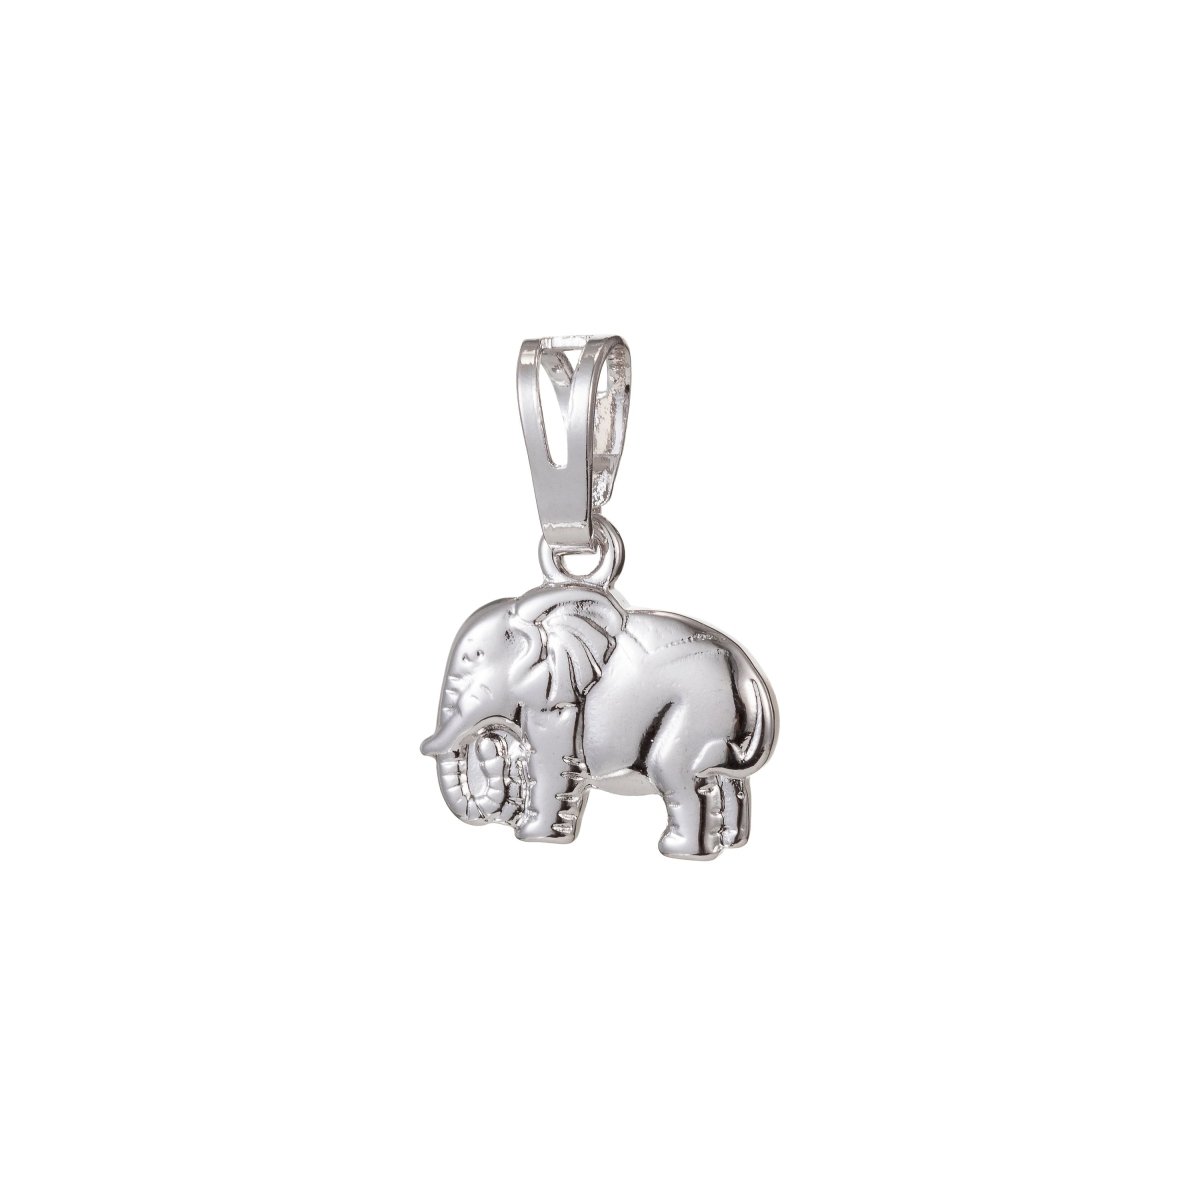 White Gold Filled Micro Pave CZ Elephant Pendant Charm, Elephant Pendant Charm, White Gold Elephant Pendant, For DIY Jewelry I-492 - DLUXCA
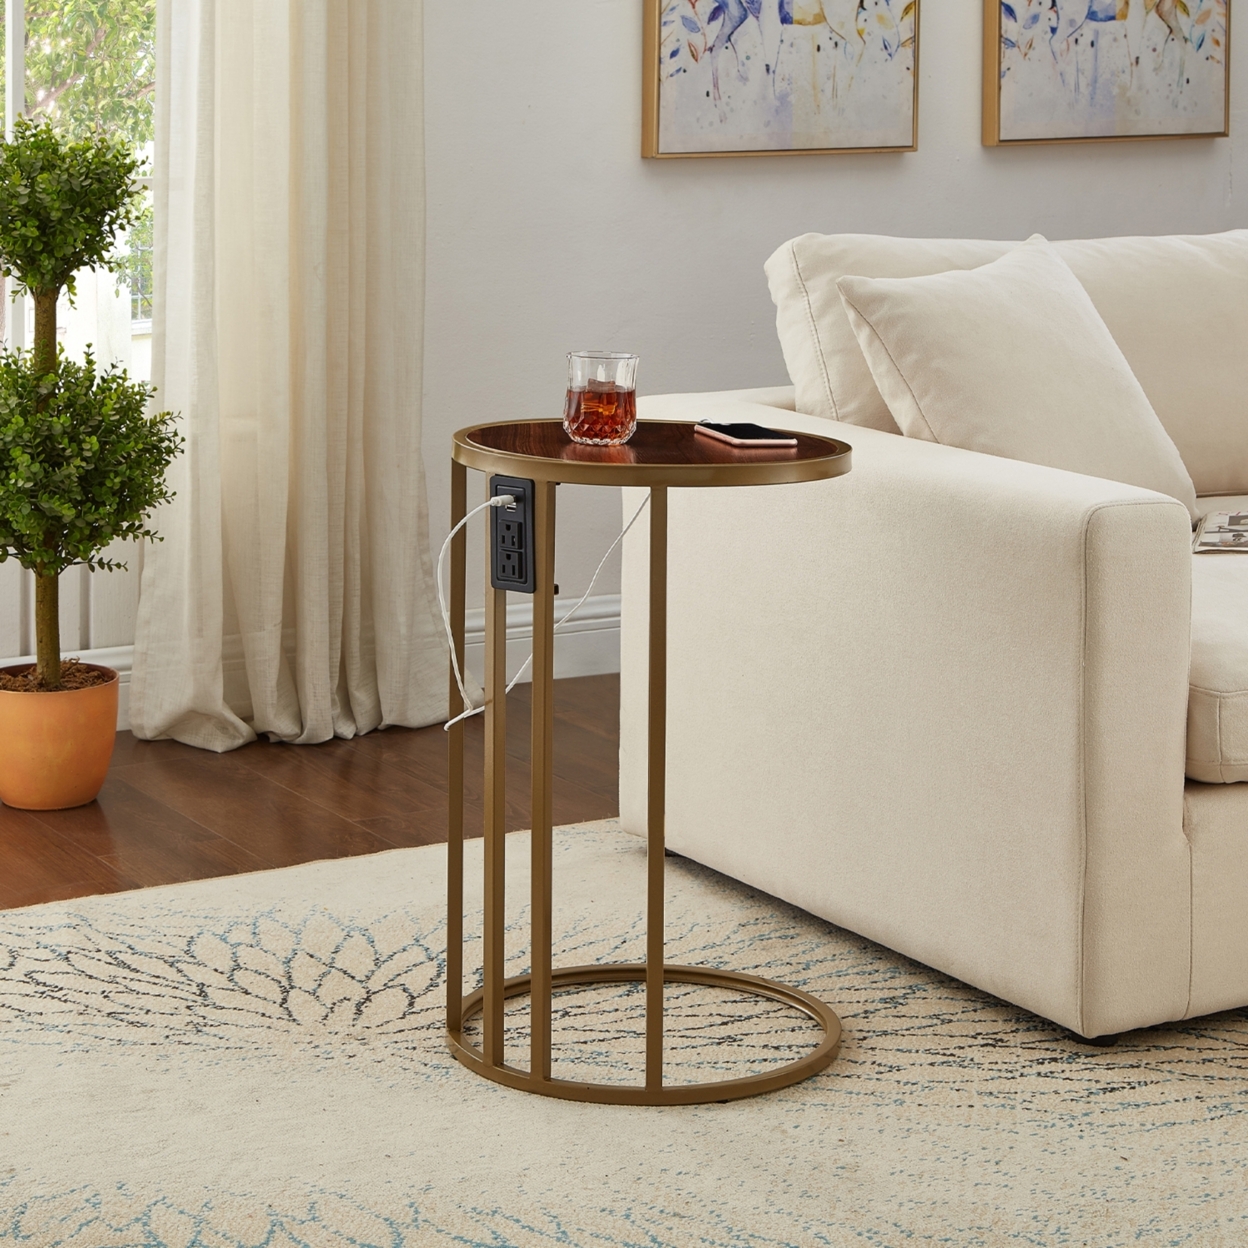 Galilea End Table - 2 USB Charging Ports 2 Outlets Power Plug - walnut/gold
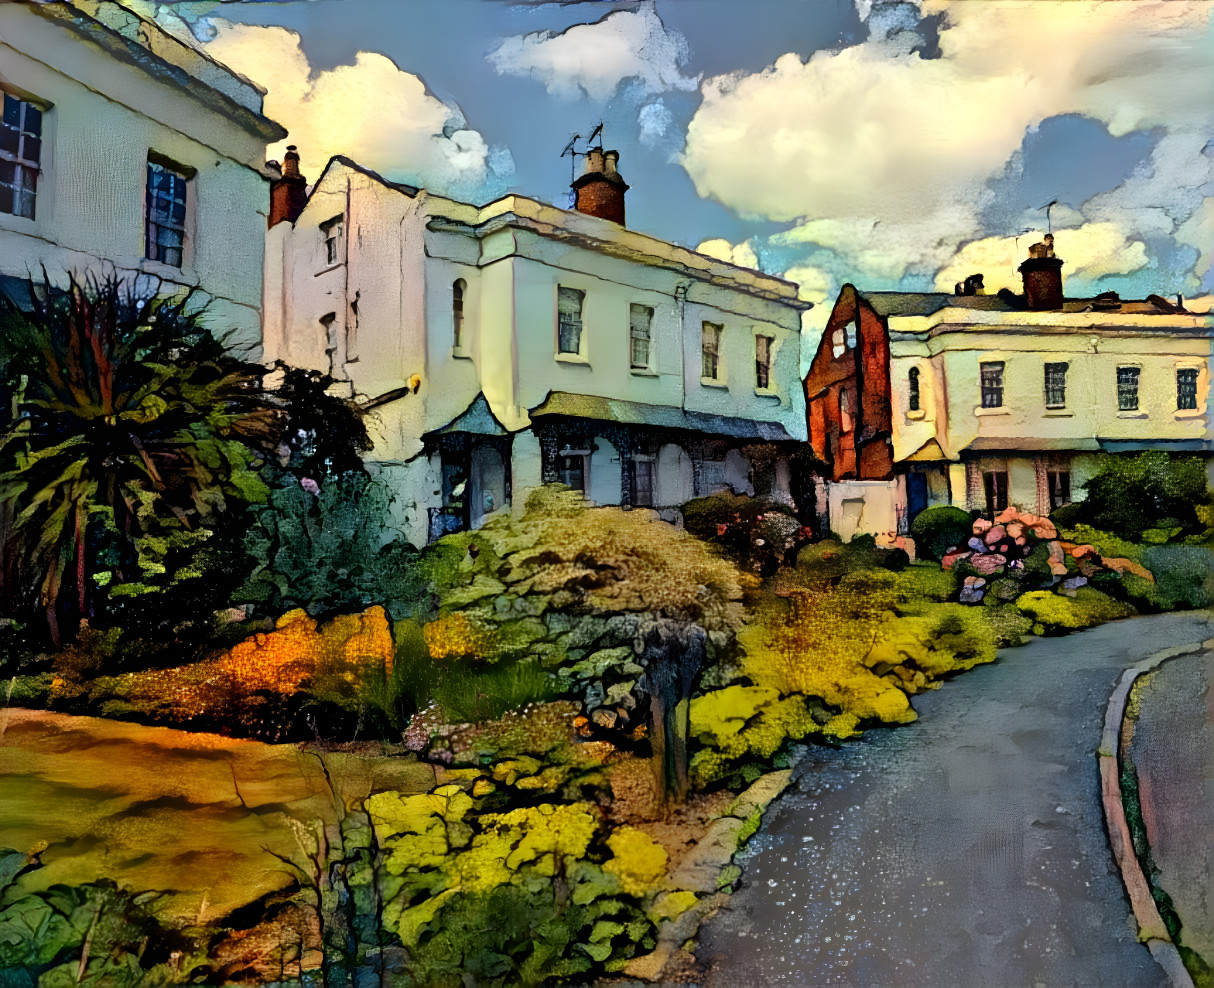 "Cresent In Leamington Spa" - by Unreal.

┄┄┄┄┄┄┄┄┄┄

■ **Exercise directions**
Print the listing exactly, minus its pictures.

■ **Output for this task**
 White Gold Filled Micro Pave CZ Elephant Pendant Charm, Elephant Pendant Charm, White Gold Elephant Pendant, For DIY Jewelry I-492 - DLUXCA
 Galilea End Table - 2 USB Charging Ports 2 Outlets Power Plug - walnut/gold
 "Cresent In Leamington Spa" - by Unreal.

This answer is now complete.